Once the specimen is collected, it is securely transported to a clinical laboratory for testing, she said.
“Packaging for shipping and delivery is done according to federal guidelines that are already in use for many pathogens being routinely tested,” Adams said.
“If a patient tests positive, we will notify the patient, their physician, and all the appropriate officials in government who are tracking this outbreak,” she said. “Our physicians will decide on an appropriate course of care based on the severity of the symptoms being experienced by the patient. Sometimes that will mean care at home, other times it will be at a UPMC Western Maryland.”
Adams said it’s important to remember that most people infected with the virus will not have severe or disabling symptoms.
“Those patients do not need to be in emergency departments or inpatient settings,” she said. “We are making sure that everyone gets the care they need.”
Gerald Goldstein, senior vice president and chief medical officer, said COVID-19 specimen results being processed through Quest Diagnostics are taking more than six days due to limited capacity.
“Therefore, UPMC Western Maryland will be implementing a new protocol for sending specimen collections for inpatients who are suspected of having the COVID-19 virus,” he said via email.

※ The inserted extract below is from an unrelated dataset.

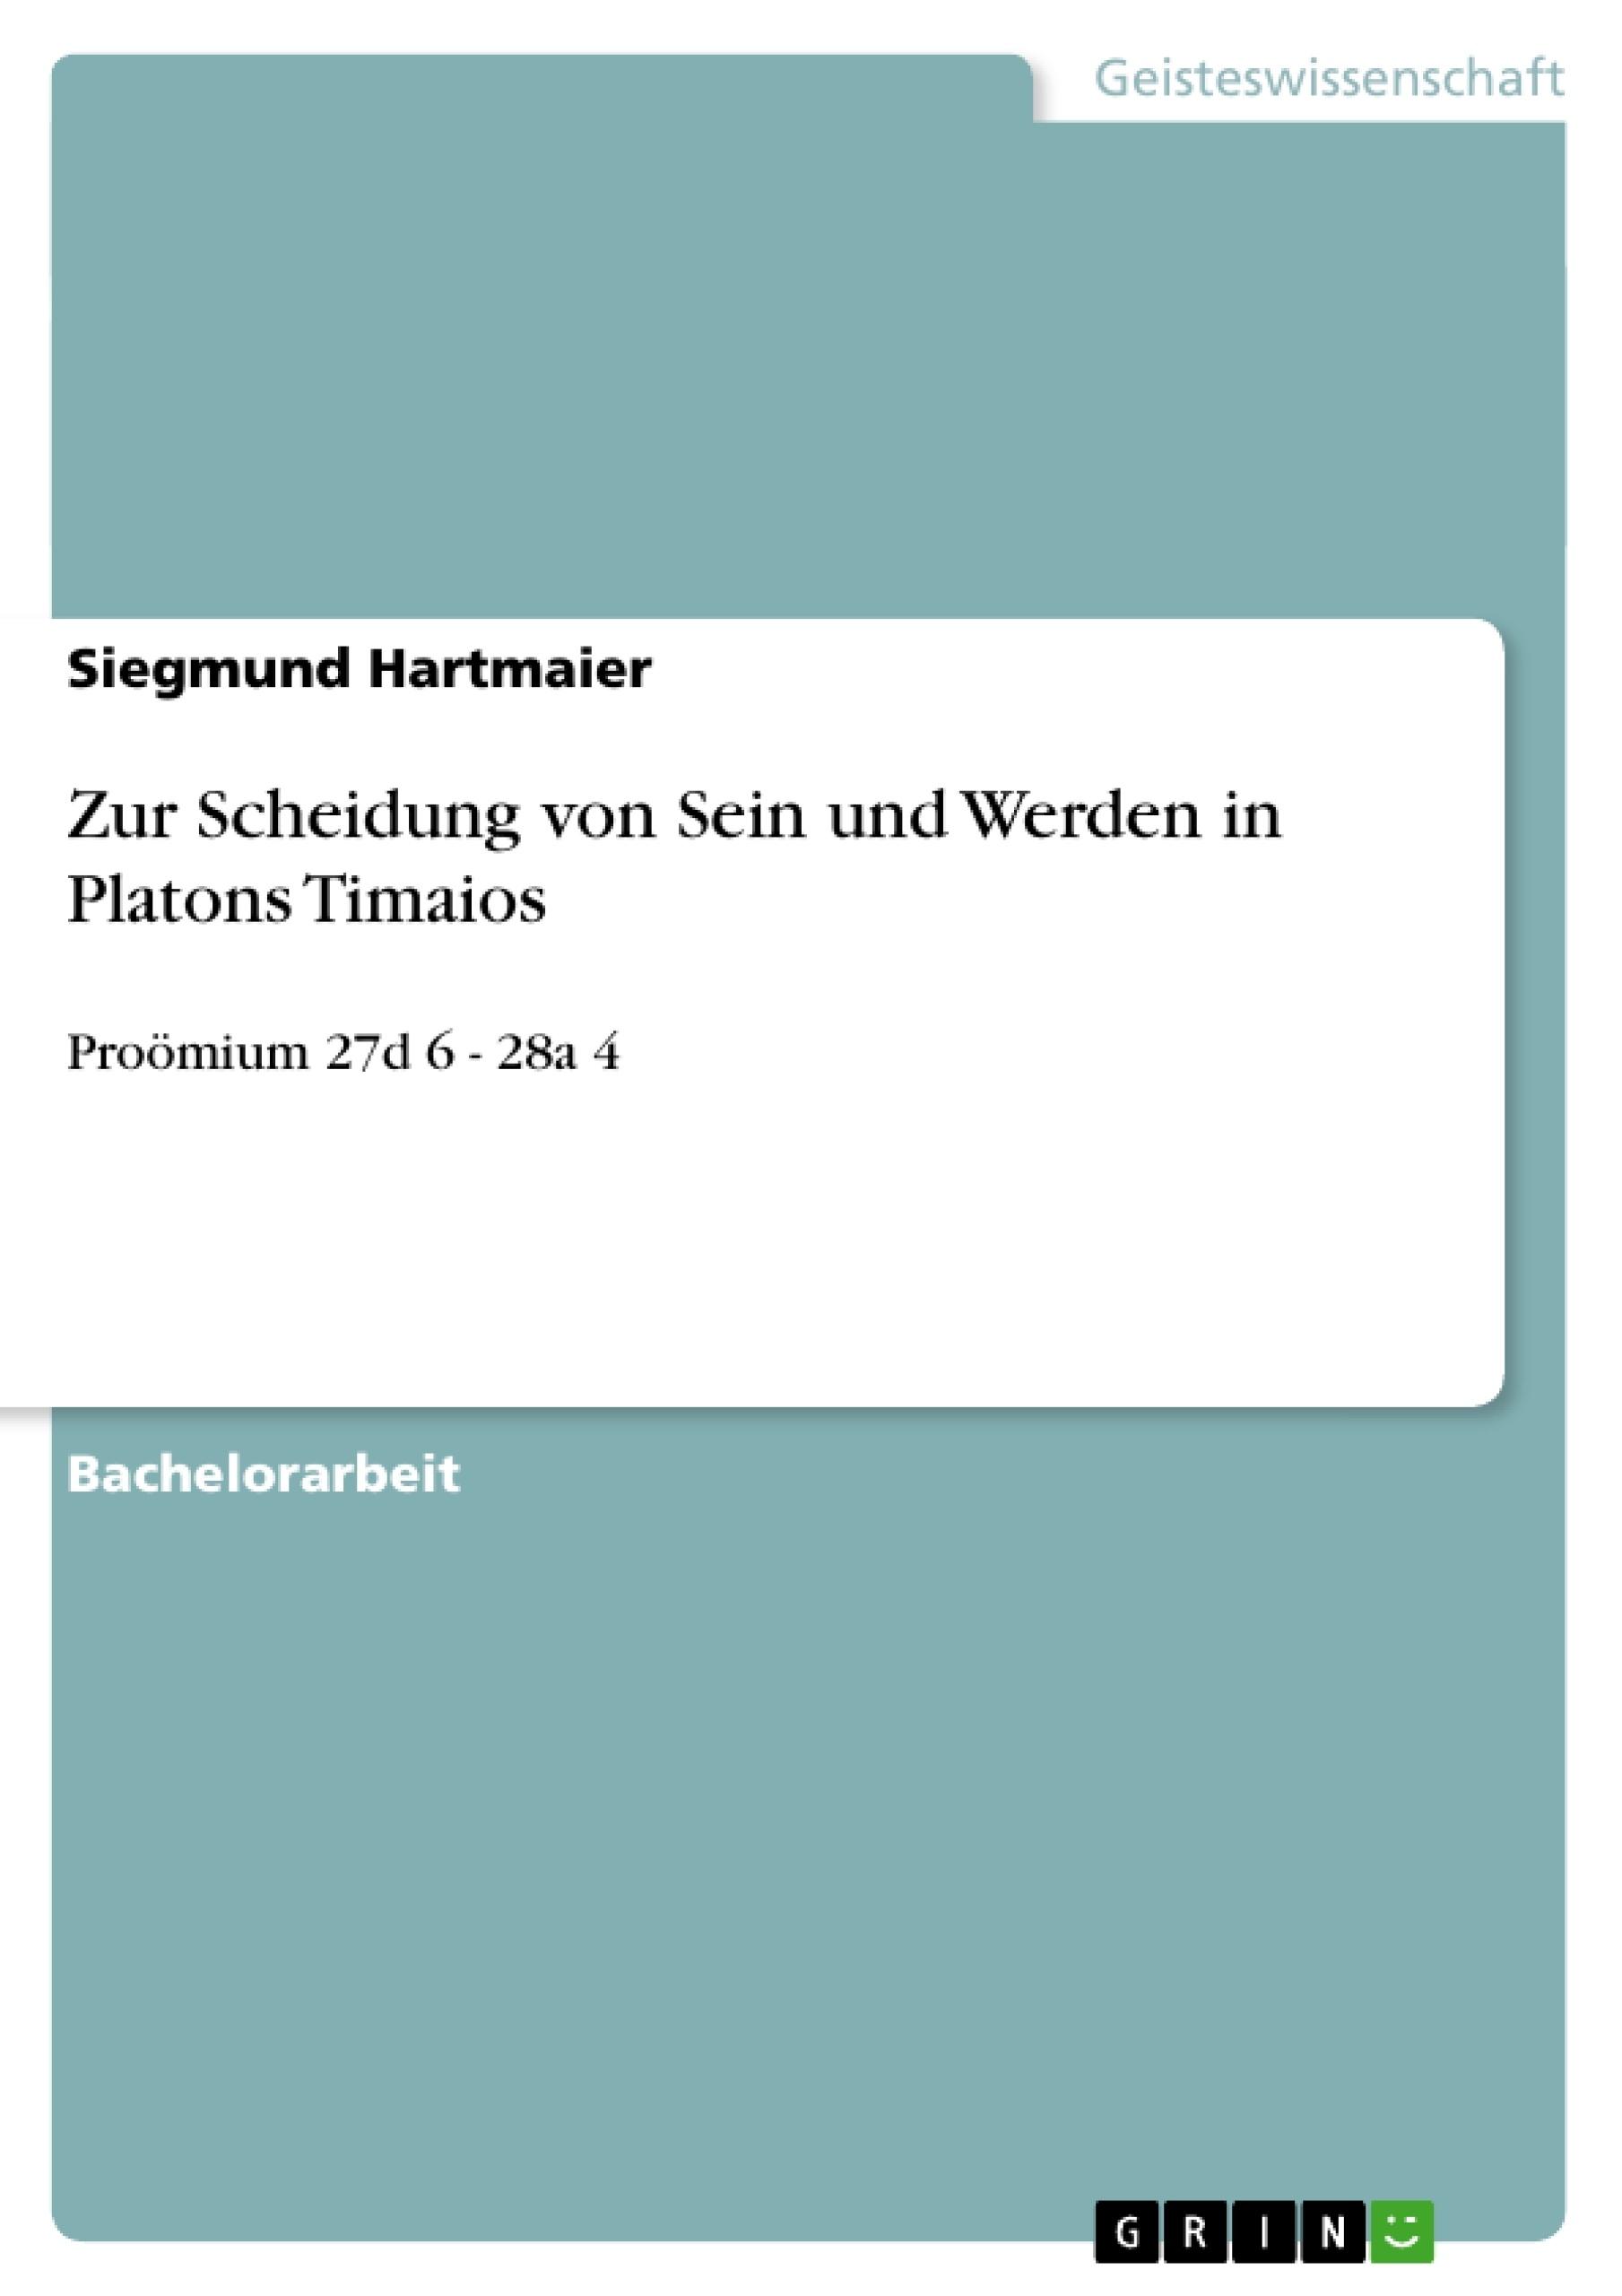 Titel: Zur Scheidung von Sein und Werden in Platons Timaios

“Once the lab receives a specimen for COVID-19 testing, the order will be reviewed by UPMC Western Maryland’s command center team including the chief medical officer, the infectious disease physician and infection prevention nurses. The team will review the clinical data to see if the specimen collection is appropriate to be sent to the state lab. By doing this, we are hoping the results from the state lab will be returned in less than 48 hours.”

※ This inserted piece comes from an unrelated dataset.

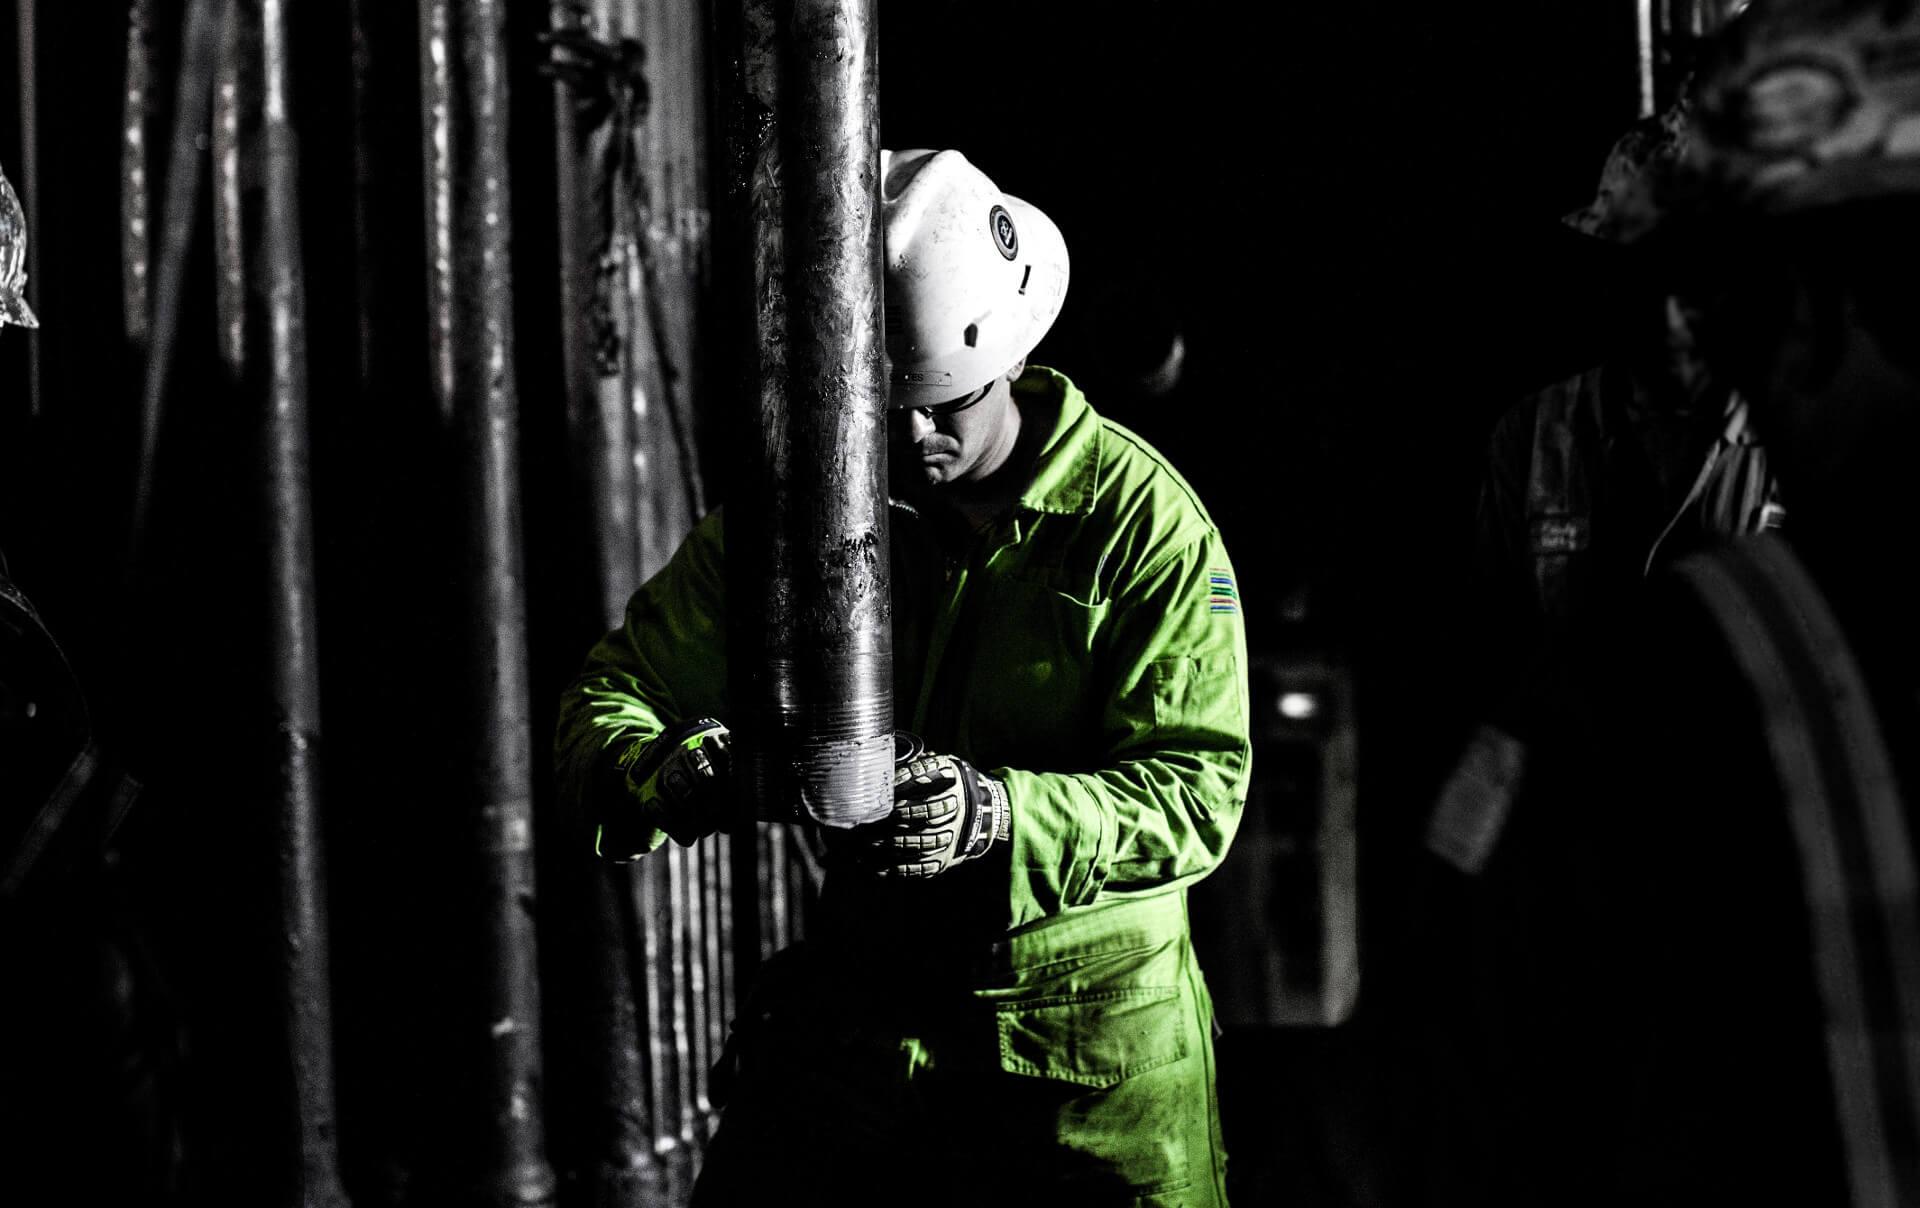 Jobs at North American Pipe Supplying Company, Tenaris

As of Thursday, UPMC Western Maryland had collected 135 specimens to be tested for the disease. None were positive for COVID-19.
In addition to Quest, laboratories being used locally are LabCorp, and the Maryland Public Health Laboratory in Baltimore, Allegany County Health Officer Jenelle Mayer said.
“Positive results must be reported to the Allegany County Health Department,” she said via email.
ACHD will notify the public when there is a COVID-19 case in the county.
Waiting time for test results varies depending on the lab used.
“We have seen cases where it takes more than a week,” Mayer said. “Labs must now prioritize tests for: hospitalized patients, symptomatic health care and emergency services personnel, symptomatic patients in congregate living facilities such as nursing homes, and high-risk unstable patients whose care would be altered by a diagnosis of COVID-19.”